ENTRIES PROVIDED: Begin

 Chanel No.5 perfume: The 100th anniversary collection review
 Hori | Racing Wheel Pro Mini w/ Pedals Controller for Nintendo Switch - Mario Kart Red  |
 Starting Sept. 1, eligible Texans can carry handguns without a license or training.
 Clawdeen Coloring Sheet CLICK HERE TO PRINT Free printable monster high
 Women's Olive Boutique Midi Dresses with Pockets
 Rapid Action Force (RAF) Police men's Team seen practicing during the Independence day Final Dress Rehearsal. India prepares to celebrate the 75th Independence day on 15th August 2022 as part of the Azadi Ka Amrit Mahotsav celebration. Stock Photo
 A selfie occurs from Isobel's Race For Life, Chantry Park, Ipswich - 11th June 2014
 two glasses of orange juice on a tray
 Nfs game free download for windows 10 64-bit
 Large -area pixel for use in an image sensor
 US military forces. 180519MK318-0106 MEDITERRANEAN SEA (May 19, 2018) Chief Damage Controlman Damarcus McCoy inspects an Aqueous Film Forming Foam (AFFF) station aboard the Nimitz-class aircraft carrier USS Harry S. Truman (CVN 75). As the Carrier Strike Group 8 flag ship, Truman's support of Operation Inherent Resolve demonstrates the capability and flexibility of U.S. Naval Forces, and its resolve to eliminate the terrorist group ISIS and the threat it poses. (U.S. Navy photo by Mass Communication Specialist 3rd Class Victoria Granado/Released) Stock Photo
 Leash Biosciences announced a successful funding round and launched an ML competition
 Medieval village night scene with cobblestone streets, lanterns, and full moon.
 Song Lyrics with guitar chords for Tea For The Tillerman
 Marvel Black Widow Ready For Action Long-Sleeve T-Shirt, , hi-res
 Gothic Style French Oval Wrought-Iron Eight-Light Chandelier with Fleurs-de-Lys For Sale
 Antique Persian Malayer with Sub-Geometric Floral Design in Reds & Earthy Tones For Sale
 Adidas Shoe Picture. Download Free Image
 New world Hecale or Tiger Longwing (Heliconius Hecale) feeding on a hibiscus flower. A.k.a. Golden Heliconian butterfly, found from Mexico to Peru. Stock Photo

ENTRIES PROVIDED: End

PROBLEM DESCRIPTION:
When the word "Photo" shows up in a line of the entries, report that line.

FINISHED TASK:
 Rapid Action Force (RAF) Police men's Team seen practicing during the Independence day Final Dress Rehearsal. India prepares to celebrate the 75th Independence day on 15th August 2022 as part of the Azadi Ka Amrit Mahotsav celebration. Stock Photo
 US military forces. 180519MK318-0106 MEDITERRANEAN SEA (May 19, 2018) Chief Damage Controlman Damarcus McCoy inspects an Aqueous Film Forming Foam (AFFF) station aboard the Nimitz-class aircraft carrier USS Harry S. Truman (CVN 75). As the Carrier Strike Group 8 flag ship, Truman's support of Operation Inherent Resolve demonstrates the capability and flexibility of U.S. Naval Forces, and its resolve to eliminate the terrorist group ISIS and the threat it poses. (U.S. Navy photo by Mass Communication Specialist 3rd Class Victoria Granado/Released) Stock Photo
 New world Hecale or Tiger Longwing (Heliconius Hecale) feeding on a hibiscus flower. A.k.a. Golden Heliconian butterfly, found from Mexico to Peru. Stock Photo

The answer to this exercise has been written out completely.